Встреча с Колодцем прошла, как и намечали, быстро, с короткими
торгами.
- Ты крутой стал, - обиженно заявил Колодец и еще высказал
недоумение, что билеты на просмотр, обещанные Шпыном через Наталью уплыли,
а Колодец уж и с дамой сговорился.
- Чего-то там сорвалось, - Шпындро желал, как можно скорее убраться,
он вообще сразу терял к событиям интерес, когда деньги уже затаивались в
кармане. Дружить с Колодцем ему не светило, но и обострять отношения
смысла не было, к тому же каждый раз при виде Колодца Шпындро, будто тенью
комиссинщика различал Настурцию и его охватывало давно забытое волнение,
потому что в глазах Притыки угадывалось нечто обещающее: не скажешь, что
именно, и только светятся в этих глазах напополам с легко возникающей
смешливостью и обещания, это мог прочесть любой зрячий.
Шпындро предпочитал купюры новые, на сей раз Мордасов расчитался
жеванными, ломанными, прошедшими через множество рук. Шпындро не знал, что
Мордасов дает деньги в рост - в каждом ремесле свои секреты, также не знал
Шпын, что их встреча совпала с Днем возвращения и оттого в его карман
перекочевала пухлая пачка несвежих денег из заколотого английской булавкой
бумажника Мордасова. Теперь, когда с ручечного рациона, приправленного
часами и зажигалками Шпындро могли снять и отправить на мехдобычу в жирных
тряпичных пластах зарубежья, терять мордасовский канал сбыта тем более не
позволительно. Шпын пообещал разобраться с билетами на просмотры, снова
вспомнил Настурцию и не в силах совладать с приступом внезапной щедрости,
вынул паркер, отложенный для себя, и протянул Колодцу. Для Настурции!
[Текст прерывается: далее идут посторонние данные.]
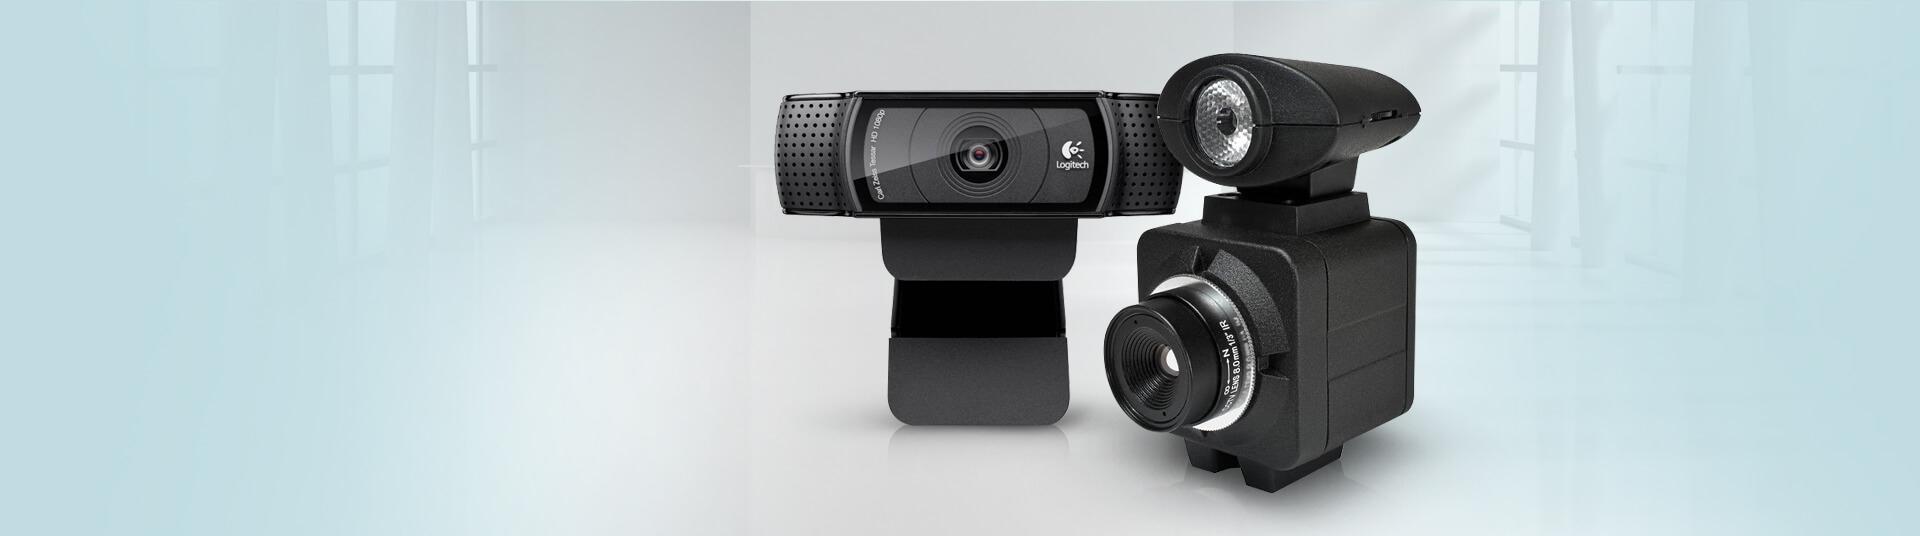 ID Cameras & Accessories

Колодец давно приметил, что внешнекупчик ладит лыжи к Притыке. Ревности
Колодец не испытывал ни малейшей, скорее недоумение от неумелой попытки
вторжения в его владения. Колодец любил ковать пока горячо - надо
раздобыть оправу! - оглядел приехавшего электричкой Шпына с ног до головы,
притянул за лацкан, приблизился так, что запахи их одеколонов смешались и
снизу заглянул в глаза.
- Ух ты! Паркер отвалил! Разбирает? Бередит в чреслах?!
Шпындро отстранился, показалось, от Колодца кроме одеколона пахнуло
чем-то давним, запахом неустроенности, нищеты двадцатилетней давности.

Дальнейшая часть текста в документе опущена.